• **Records provided**
= = = = =

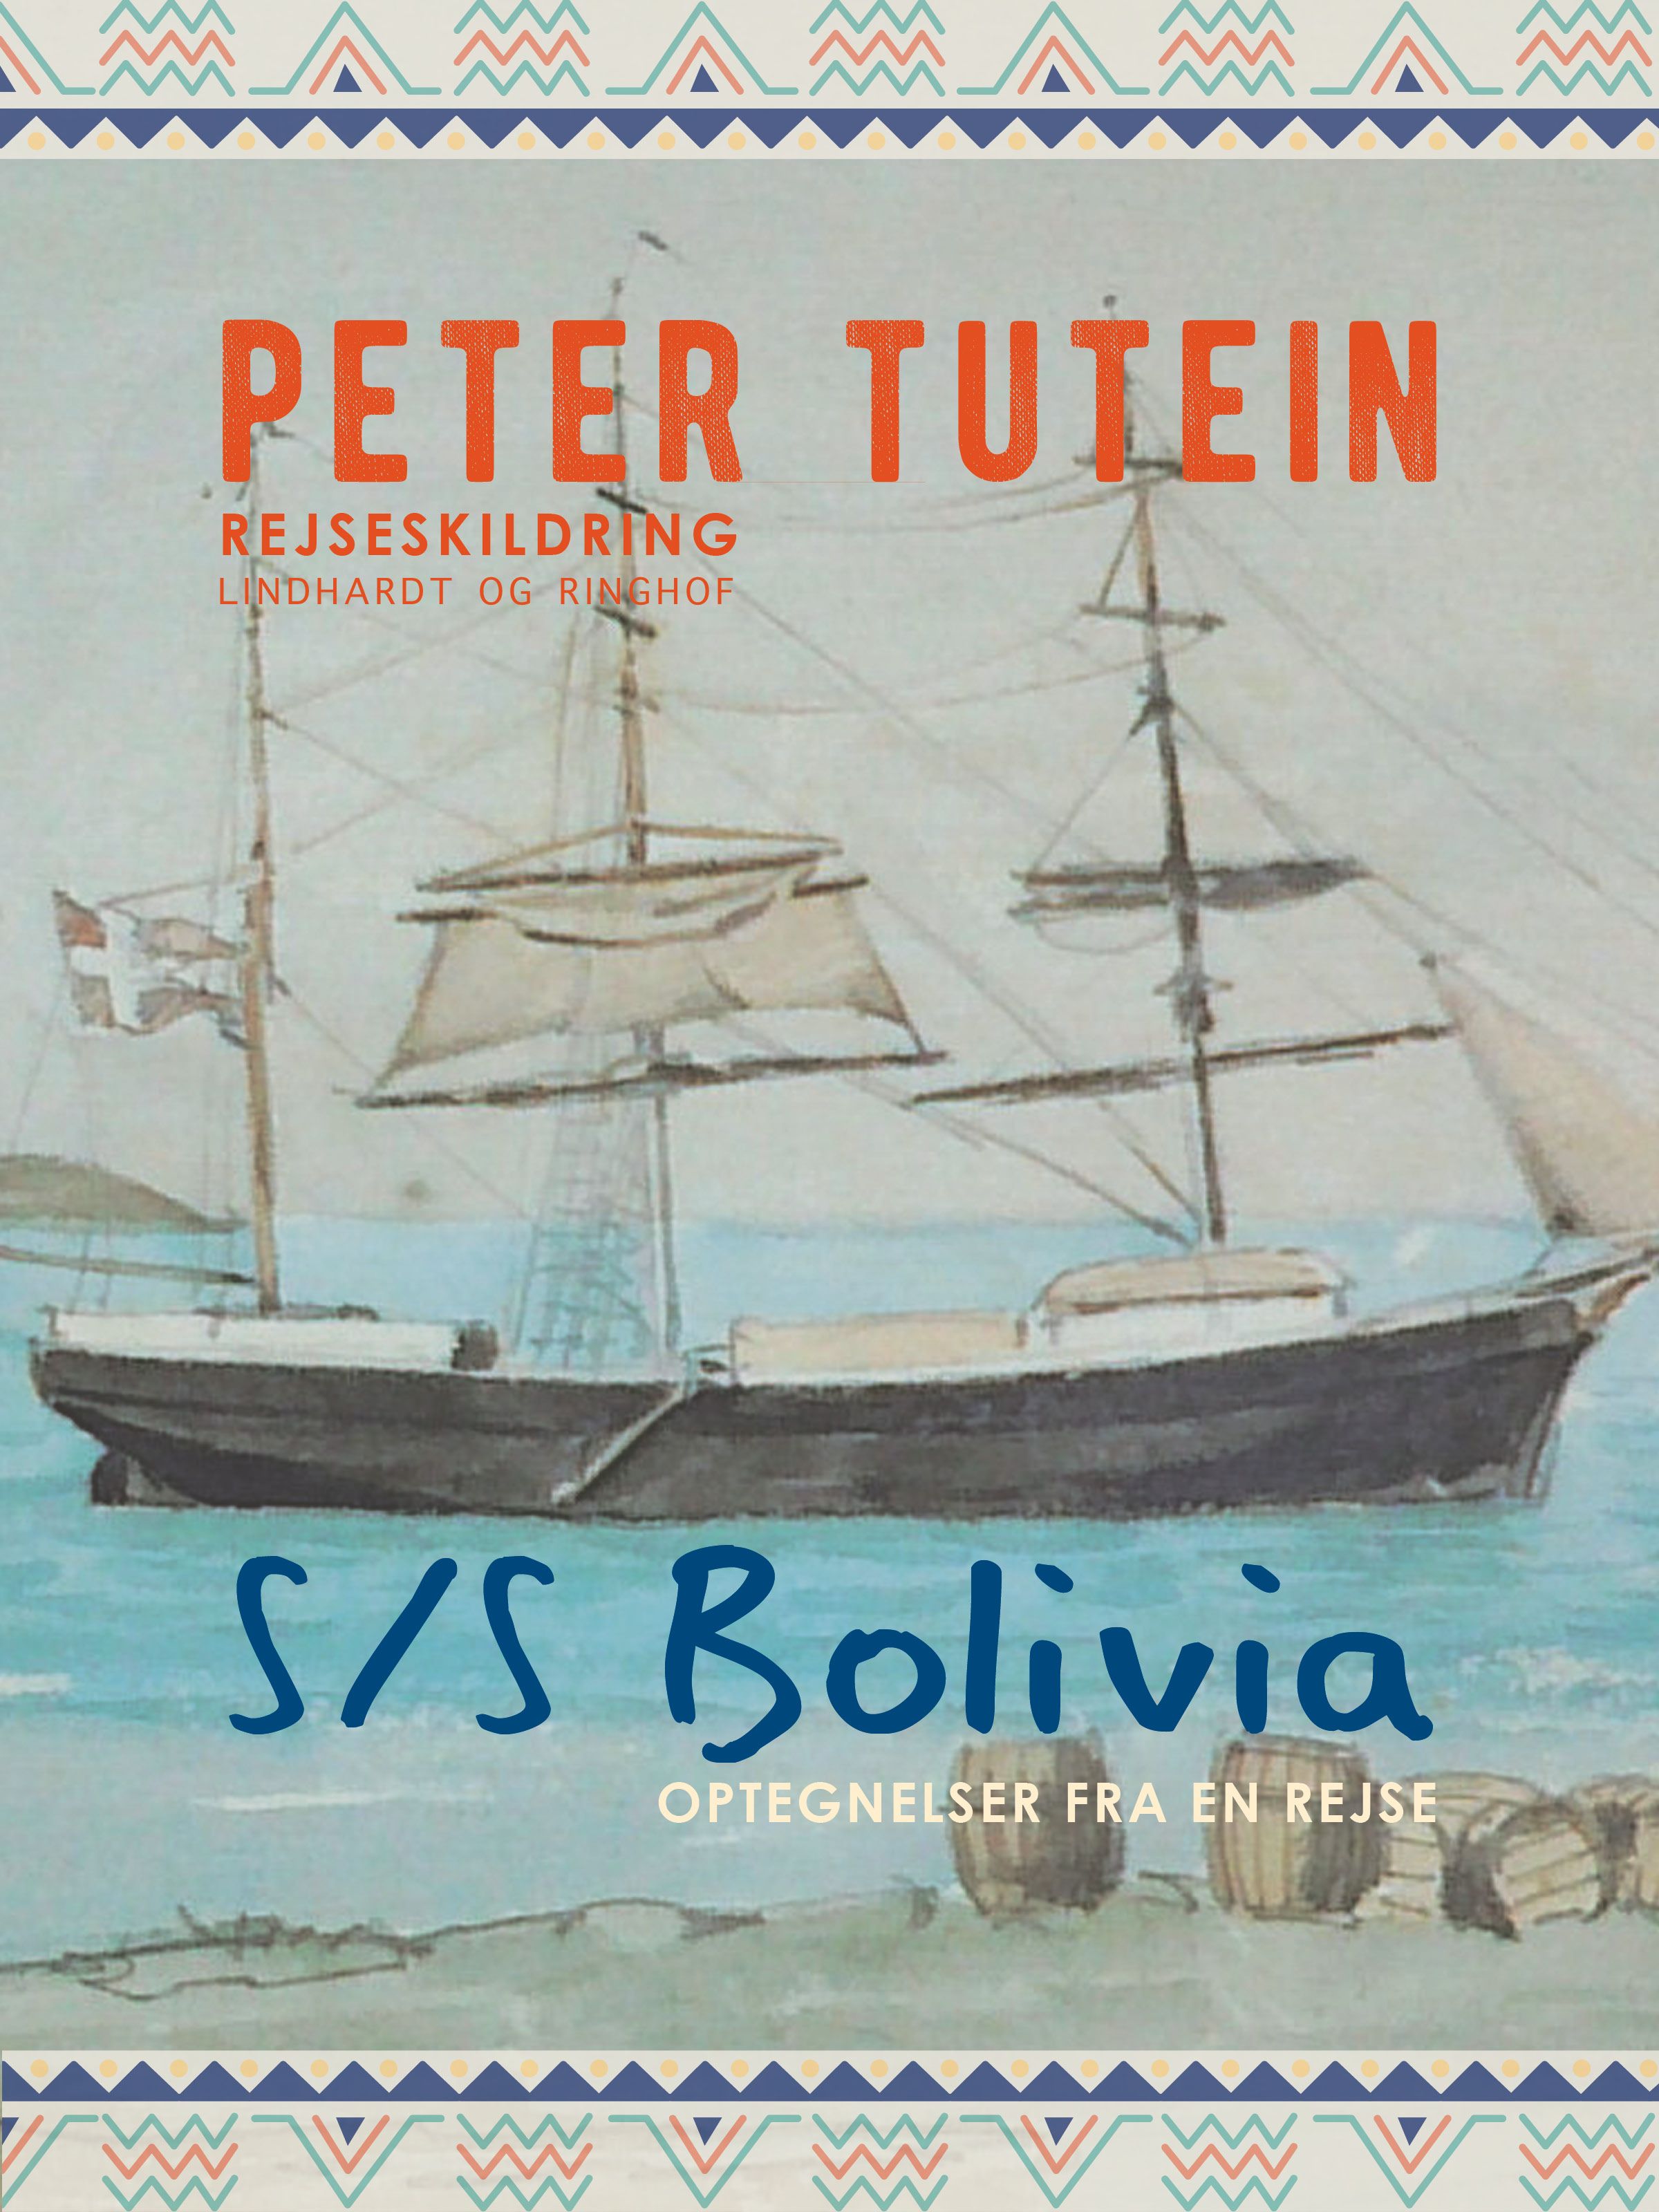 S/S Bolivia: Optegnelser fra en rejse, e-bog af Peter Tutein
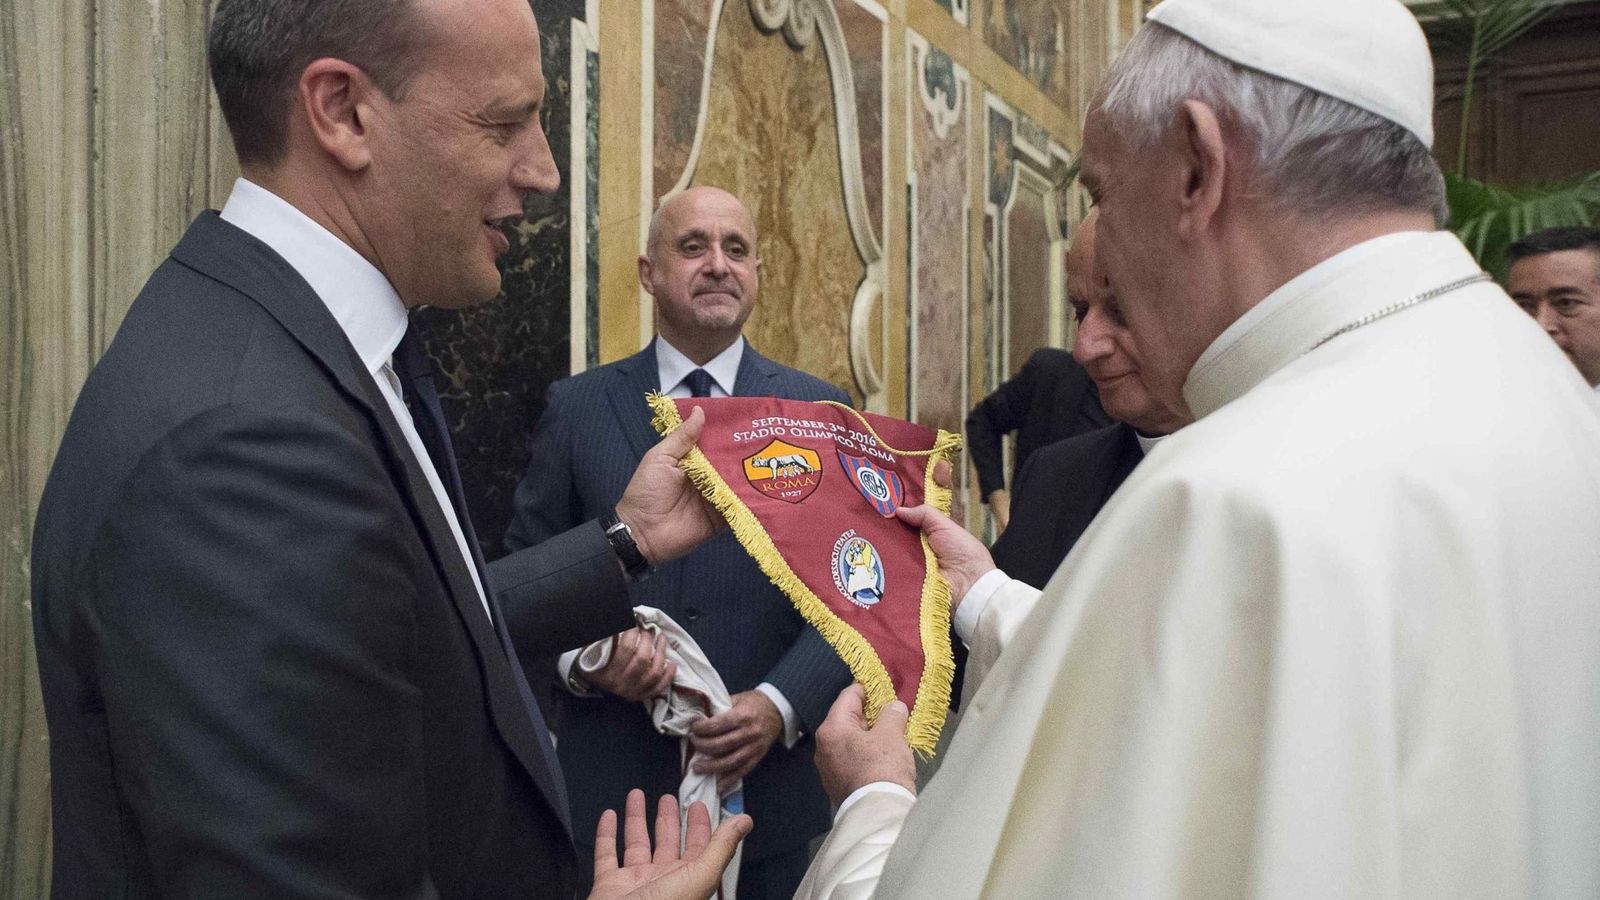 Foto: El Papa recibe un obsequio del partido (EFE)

= = = = =

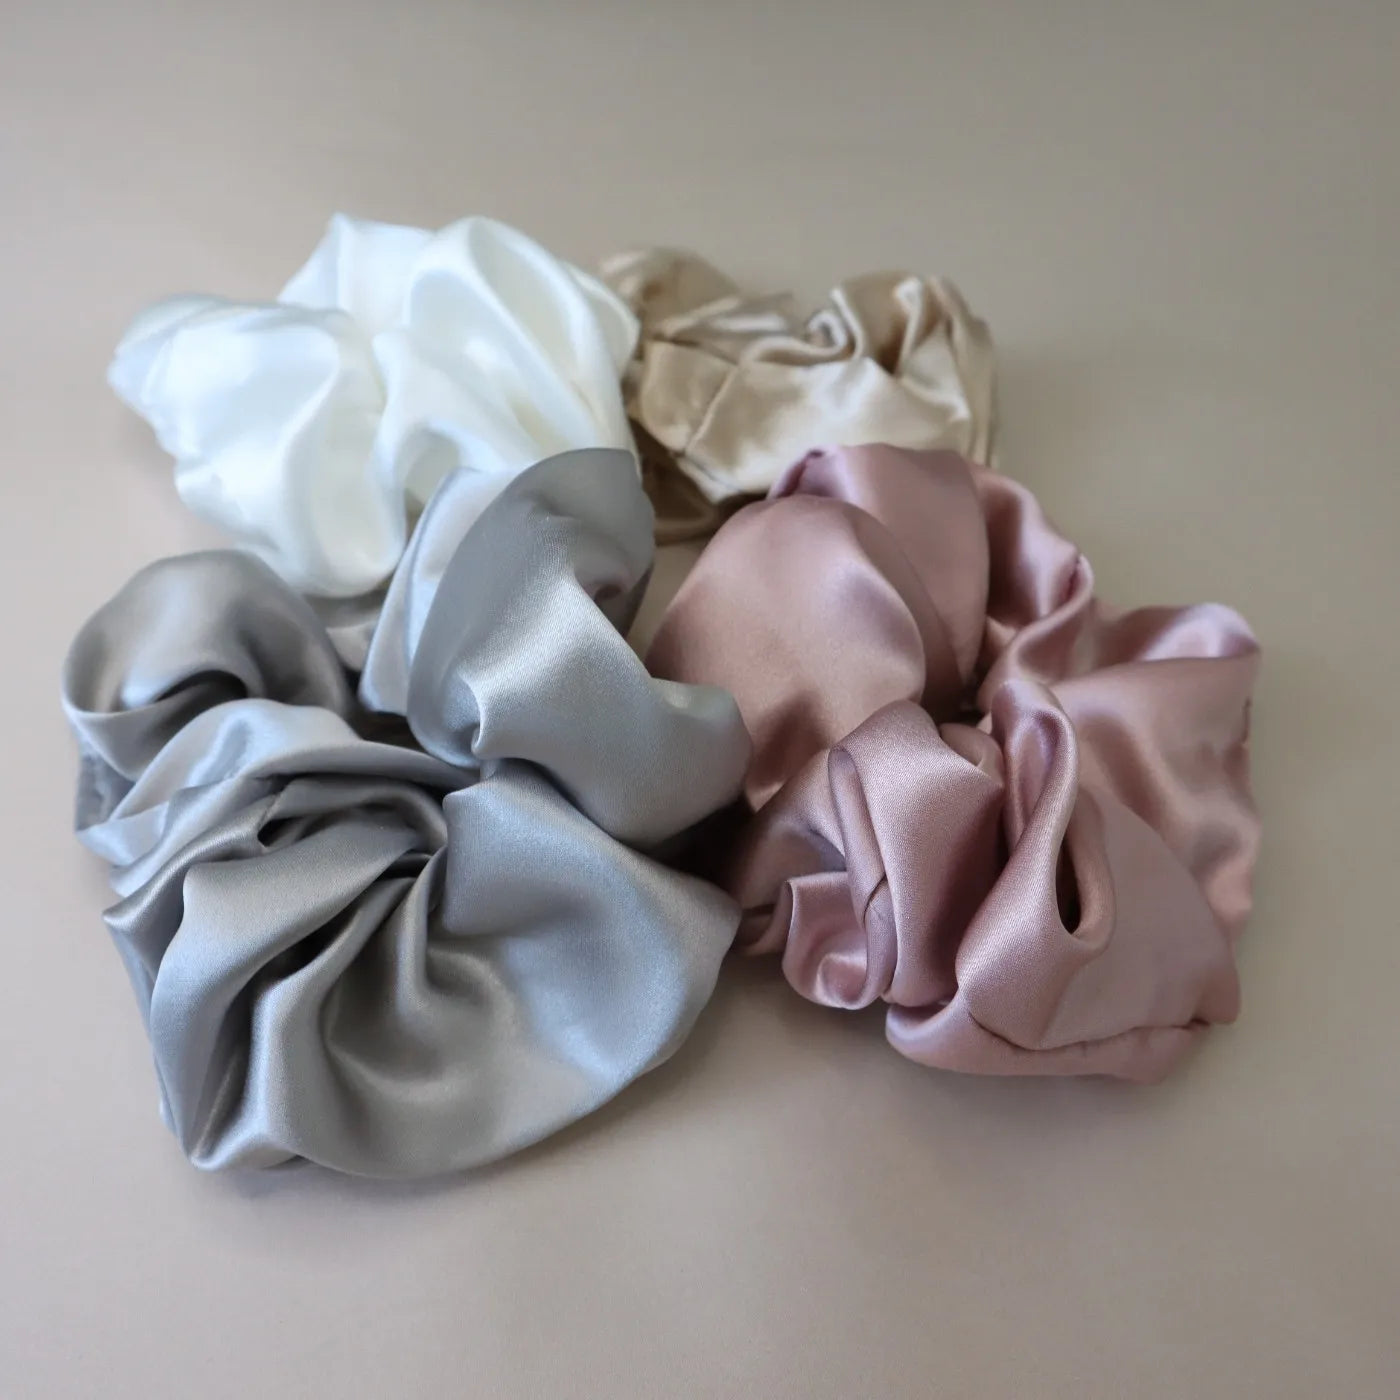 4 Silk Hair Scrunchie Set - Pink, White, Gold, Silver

= = = = =

• **The problem**
The expected output is the lines above from the one containing "S/S Bolivia: Optegnelser" to the one containing "Foto: El Papa", both ends included, reproduced exactly with every picture left out.

• **Task result**
 S/S Bolivia: Optegnelser fra en rejse, e-bog af Peter Tutein
 Foto: El Papa recibe un obsequio del partido (EFE)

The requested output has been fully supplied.